IF 4.5 1区 医学 Q1 PATHOLOGY Pub Date : 2024-09-17 DOI: 10.1097/PAS.0000000000002310
Emily M Hartsough, Jaclyn Watkins, Rosalynn M Nazarian

Vulvar lichen sclerosus (LS) is a common, chronic inflammatory disorder with a subset of cases progressing to differentiated vulvar intraepithelial neoplasia (dVIN) and/or squamous cell carcinoma (SCC). Histopathologic diagnosis of LS and dVIN can be challenging, and it is difficult to predict the subset of LS cases that progress. Immunohistochemistry (IHC) may be a useful diagnostic aid in this setting. CK17 has been shown to be overexpressed in invasive SCC and dVIN, and less commonly in LS. Similar to CK17, D2-40 has been correlated with cutaneous SCC prognosis but has not been evaluated in vulvar lesions. We identified a total of 13 patients with HPV-independent vulvar SCC that had precursor LS or dVIN. CK17 and D2-40 IHC stain intensity and pattern was scored in foci of LS, dVIN, and SCC. An increase in basal layer D2-40 expression was observed with progression from LS to dVIN with strong and diffuse staining in SCC. CK17 maintained similar stain intensity among squamous lesions, but displayed different patterns of staining, with superficial staining in LS, suprabasal staining in dVIN, and diffuse staining in SCC. A subset of LS cases displayed an intermediate (suprabasal) CK17 IHC profile, wild-type p53 expression, and cytomorphologic and architectural features intermediate between LS and dVIN; we defined such cases as "atypical LS." We found that a panel of D2-40/CK17 can serve as a diagnostic adjunct to differentiate LS, dVIN, and invasive SCC. Additional studies with larger patient cohorts are needed to validate these findings and determine their prognostic significance.

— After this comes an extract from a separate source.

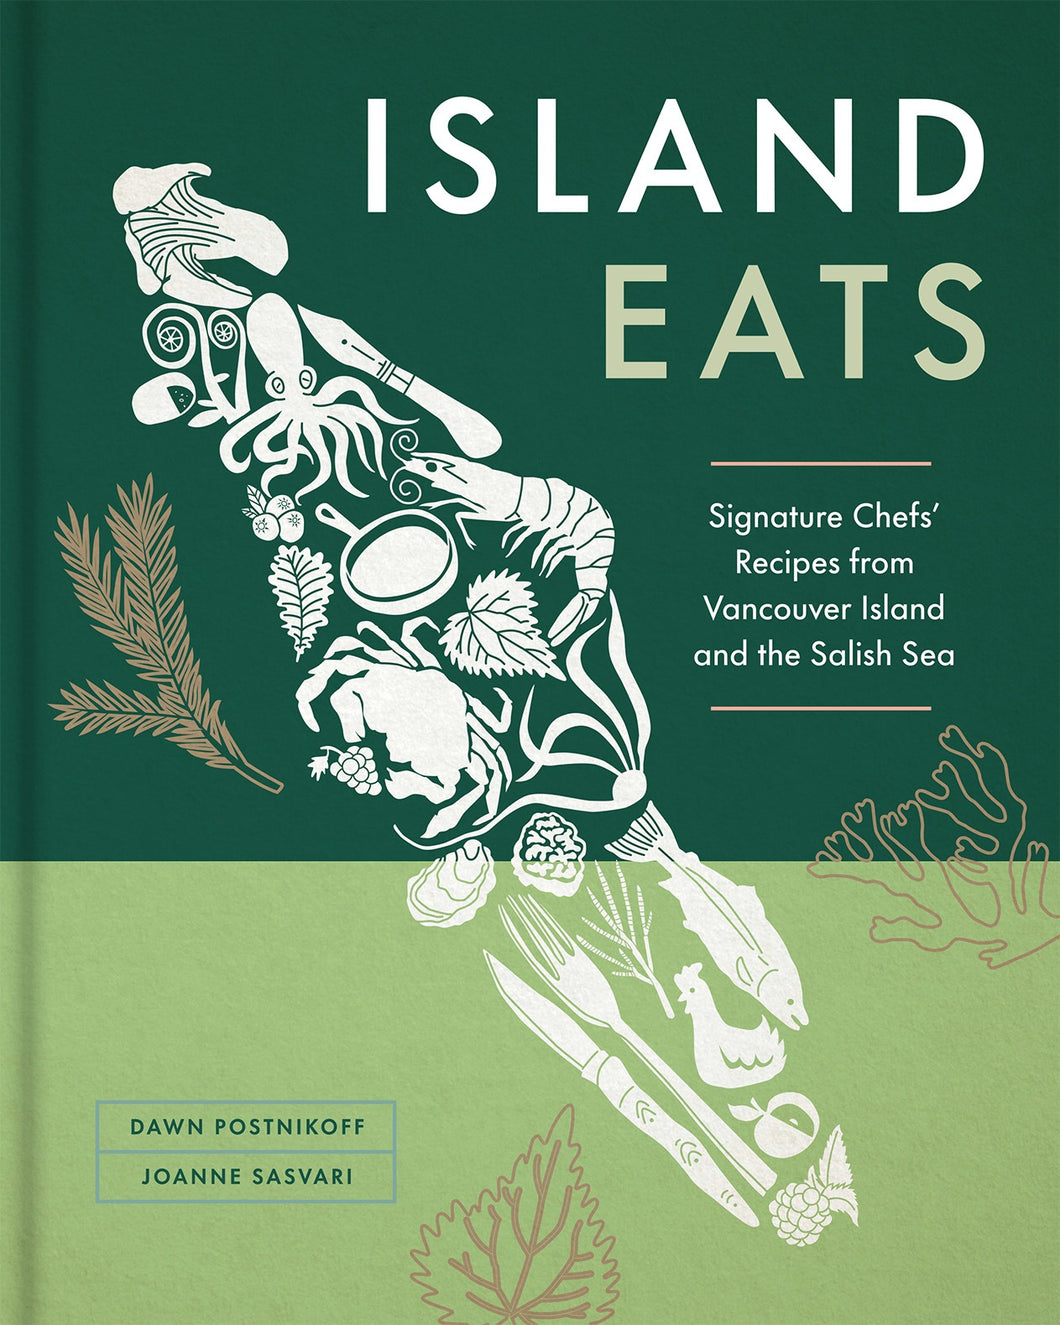 Island Eats by Dawn Postnikoff & Joanne Sasvari

外阴硬皮病(LS)是一种常见的慢性炎症性疾病,部分病例会发展为分化型外阴上皮内瘤变(dVIN)和/或鳞状细胞癌(SCC)。LS和dVIN的组织病理学诊断具有挑战性,而且很难预测哪些LS病例会恶化。在这种情况下,免疫组化(IHC)可能是一种有用的辅助诊断方法。研究表明,CK17在浸润性SCC和dVIN中过度表达,而在LS中较少见。与 CK17 相似,D2-40 也与皮肤 SCC 的预后相关,但尚未对外阴病变进行评估。我们共发现了 13 例有前驱 LS 或 dVIN 的 HPV 非依赖性外阴 SCC 患者。我们对LS、dVIN和SCC病灶的CK17和D2-40 IHC染色强度和模式进行了评分。观察到基底层 D2-40 的表达随着从 LS 到 dVIN 的进展而增加,在 SCC 中则有强烈的弥漫性染色。在鳞状病变中,CK17保持了相似的染色强度,但显示出不同的染色模式,在LS中为表层染色,在dVIN中为基底层上染色,而在SCC中为弥漫性染色。LS病例中有一部分显示出中间(基底膜上)CK17 IHC图谱、野生型p53表达以及介于LS和dVIN之间的细胞形态学和结构特征;我们将这类病例定义为 "非典型LS"。我们发现,D2-40/CK17 检测面板可作为诊断辅助工具,用于区分 LS、dVIN 和侵袭性 SCC。要验证这些发现并确定其预后意义,还需要对更大的患者群体进行更多的研究。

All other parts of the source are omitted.